My worst sexual encounter was with a man I had met a few days earlier. Basically he was a stranger, an attractive stranger. We had been drinking and dancing at a Hawaiian party and then decided the sexual tension was just too much to resist. I remember having reservations about this, but shelving them with all the other reservations labeled ‘prude’. I have a rather large shelf called ‘prude’, most of those ignored reservations and thoughts I regret shelving…apparently age and maturity make the shelves less cluttered, let’s hope.

Well I got the condoms and he found the secluded area (we were at a holiday resort, he was a friend of an employee and I was an employee who shared a room…which made my room null and void as a venue for our liaison and he didn’t have a room).

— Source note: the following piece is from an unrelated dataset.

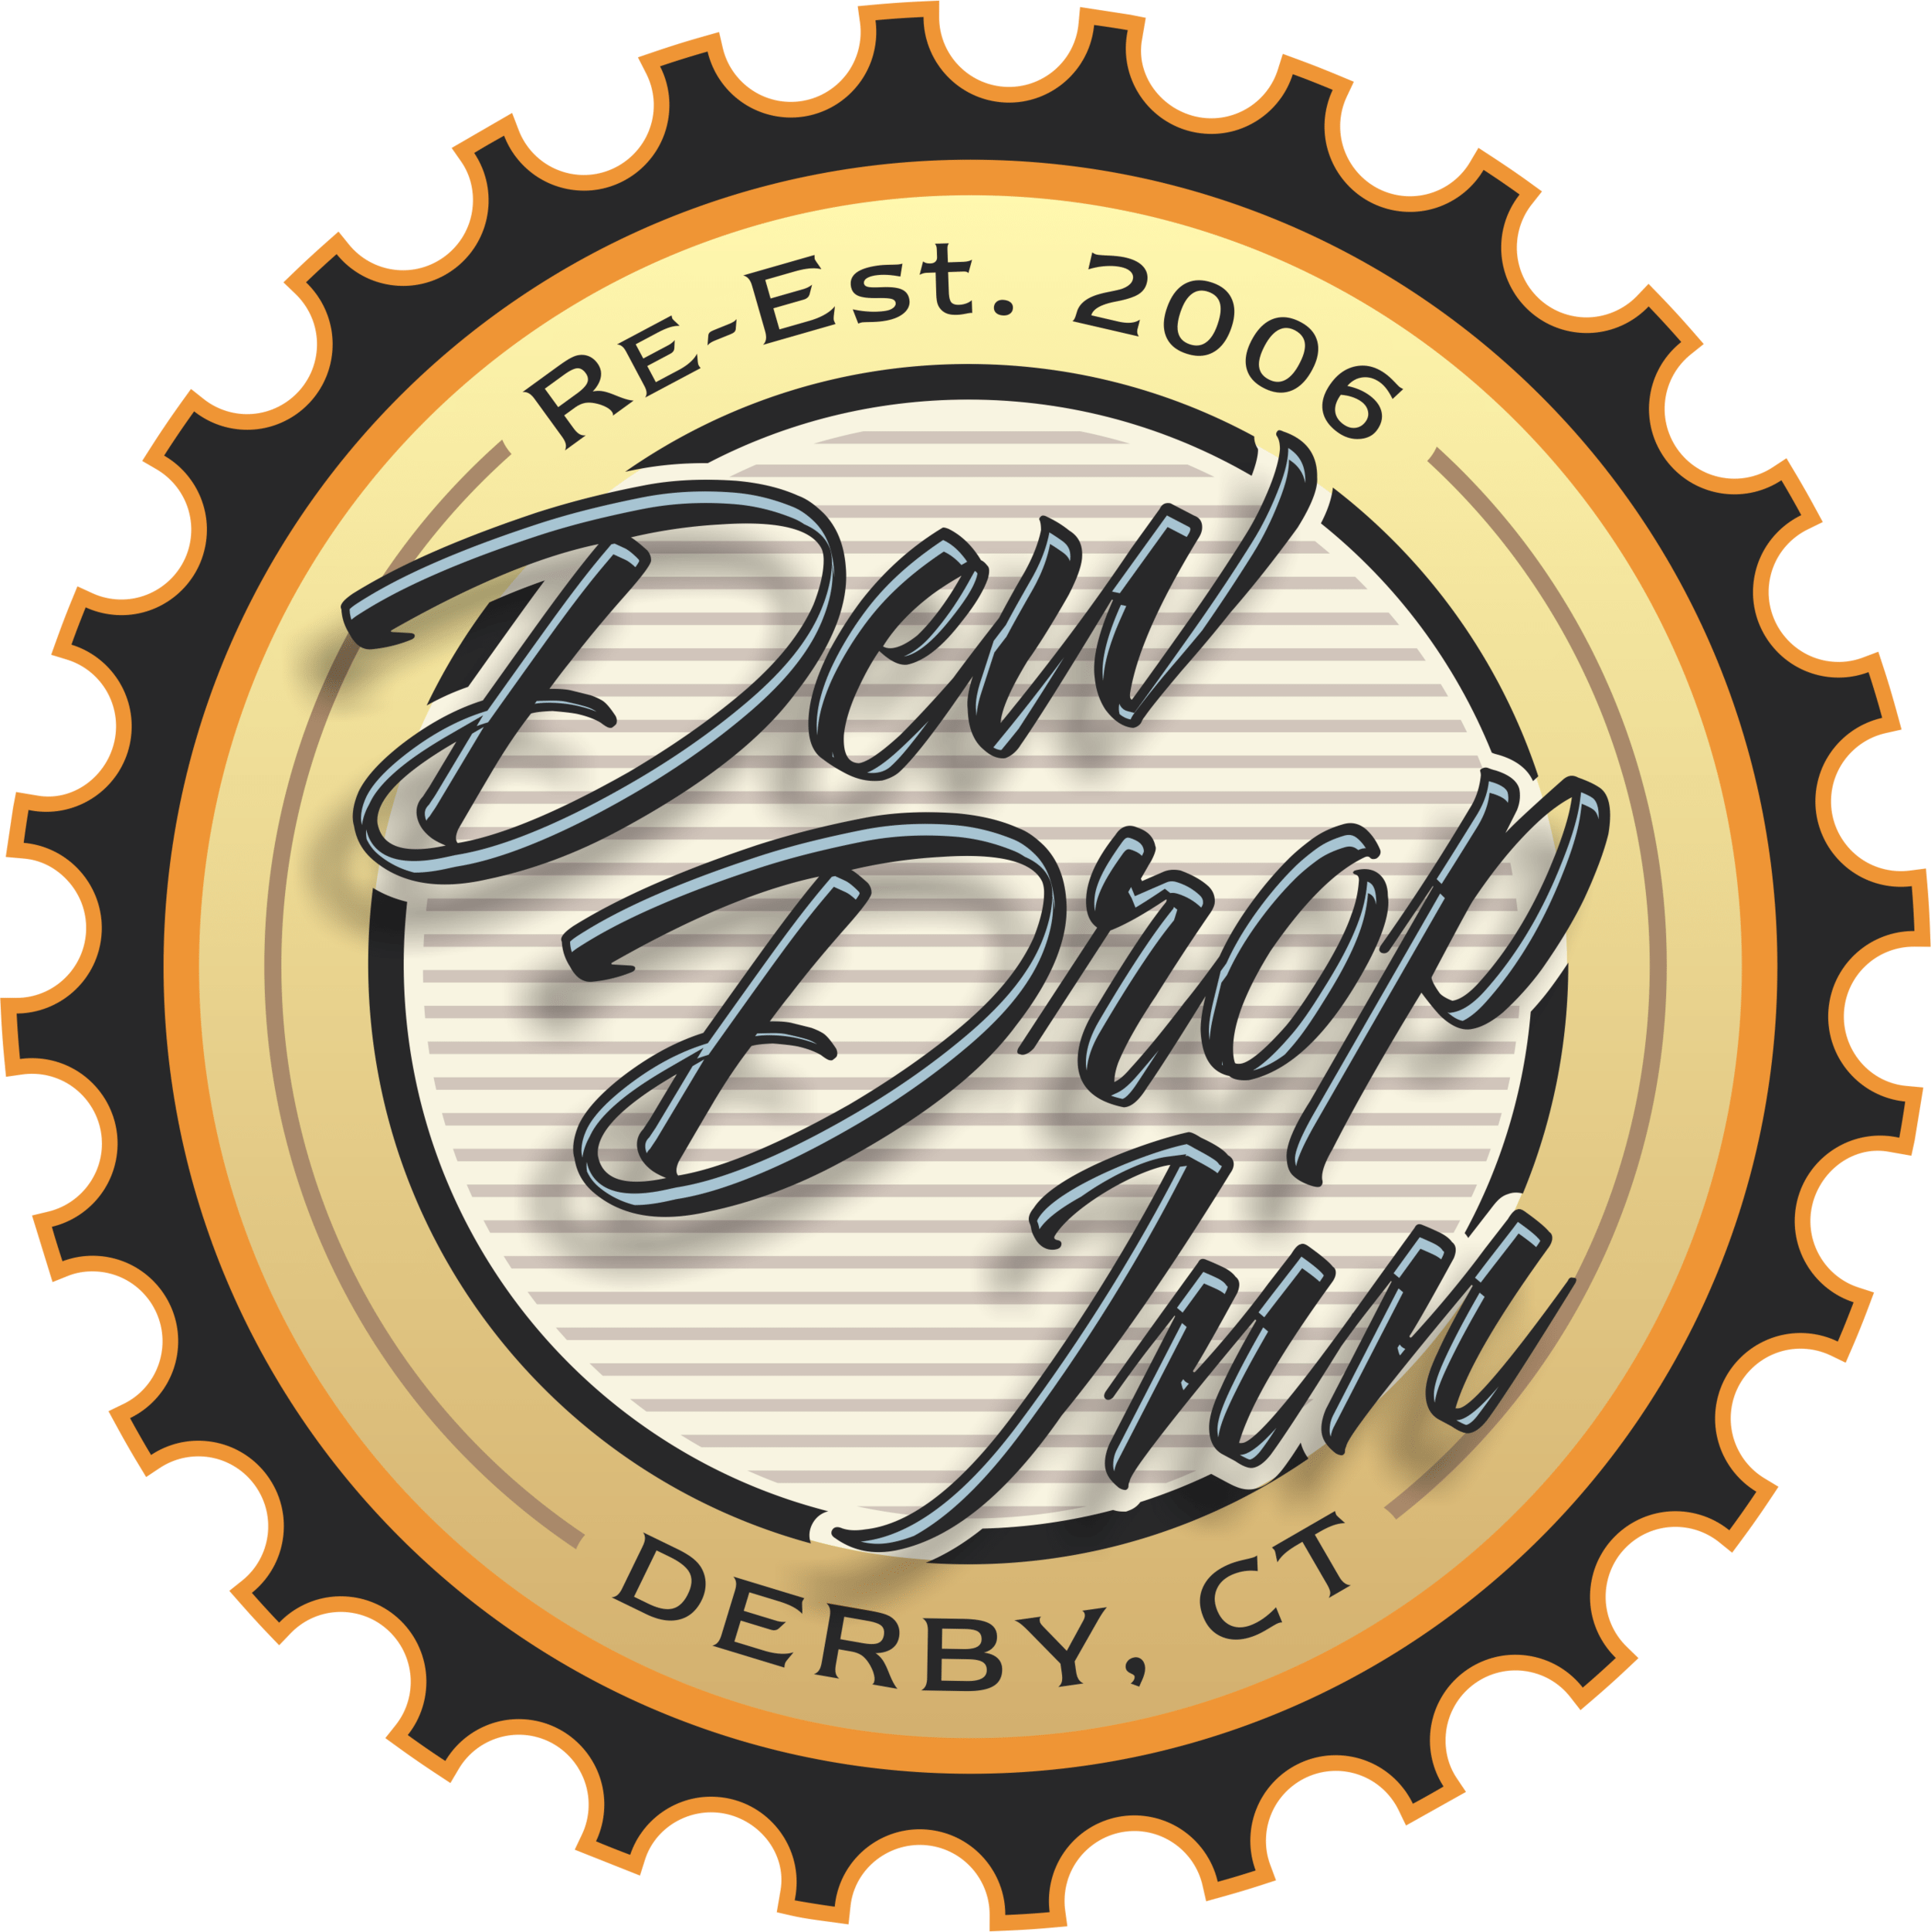 About Archives - Dew Drop Inn

He chose a wooden deck far away from guests and employees. I don’t know how many of you have tried to have sex on a wooden floor of any kind, but let me warn you to put it on your ‘let’s never try that shelf’ or the ‘most uncomfortable thing I could ever imagine shelf’. However I was still game (which I blame on the booze) and thought that it might be so good that the discomfort would be outweighed by the amazingness of the affair.

Image from goodmorningandgoodnight.com

Not so…apparently when a guy has not had sex for a while, or recently given himself a helping hand in the situation, then it is all over very fast. I had barely realised we were having sex before he gasped and started apologising.

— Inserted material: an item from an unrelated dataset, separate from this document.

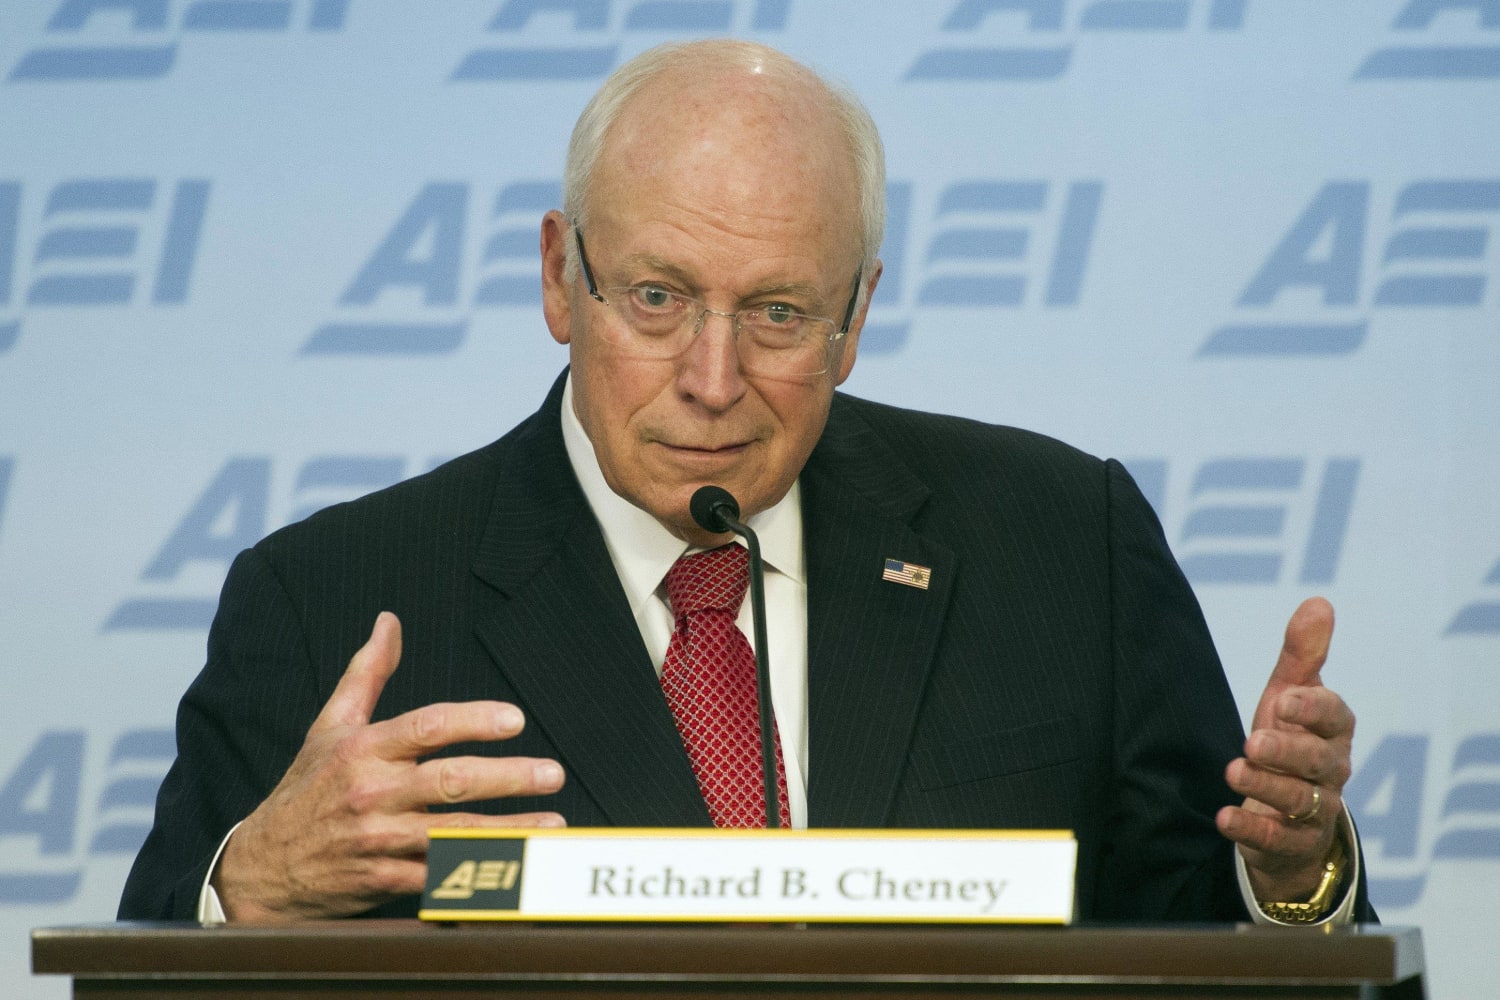 Did dick cheney want to go to iraq

Really it was all too much for me, I said something like “you can’t be serious”, which only made the situation worse and him all defensive and cross. I put my clothes on and stalked off the deck, embarrassed and angry. I stupidly thought it was my fault and he was such an asshole that he let me think it was my fault. For days I thought that maybe it was because I was not attractive enough, or that I didn’t turn him on enough…or for long enough for it to be mutually satisfactory.

I woke up feeling awful and self-conscious, vowing never to mention what had happened the night before and to avoid, at all cost, the man in question. Which would have been easy if I had not left my little purse in his pocket, he thought I had done it on purpose so that I had an excuse to see him again…which made my blood boil while also reducing me to the girl I was in high school who felt ugly and unattractive. Luckily he arrived when I was out and left it for me so the dreaded encounter after the dismal act was delayed by a few weeks.

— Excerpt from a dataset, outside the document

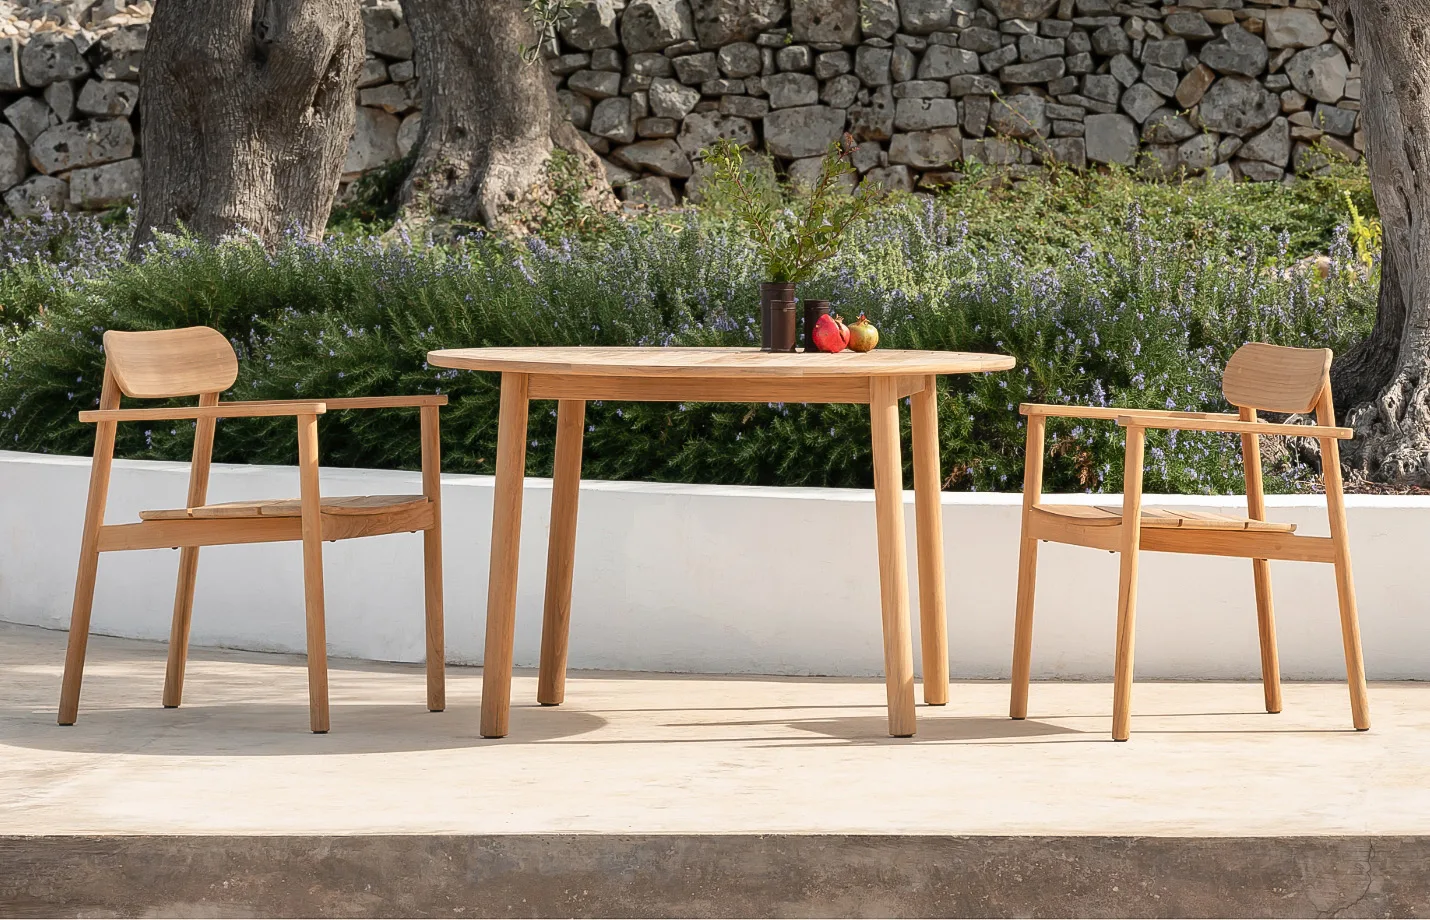 The Sam dining table can be used in patios and other outdoor spaces

Fortunately I was working with an astute male colleague who became tired of my moping around the place we had nicknamed ‘paradise’. I reluctantly informed him of what had occurred and he assured me that it was not my fault and told me the above mentioned fact about the reasons behind early ejaculations. He also mentioned that this guy was a loser and that he was going to warn me about him, but forgot.

So to sum up: excessive booze and sex are not a good combination; inadequate foreplay can result in lots of dissatisfaction and premature ejaculations; uncarpeted wooden floors of any kind, especially outside decks, are super uncomfortable for sexual encounters; sex with someone you don’t actually know has the potential to backfire awfully because awkward situations like premature anything become too embarrassing to discuss and result in horrible later encounters where someone feels embarrassed and someone feels cheated; losing your sense of humour in a situation is never a good idea, make a small joke about the awkward thing in question and try again until it works; and lastly share your worst experiences with friends, inevitably they have a worse story to contribute so you feel better about the whole thing and everyone feels less like they are the only people that terrible, only in hindsight funny, situations happen to.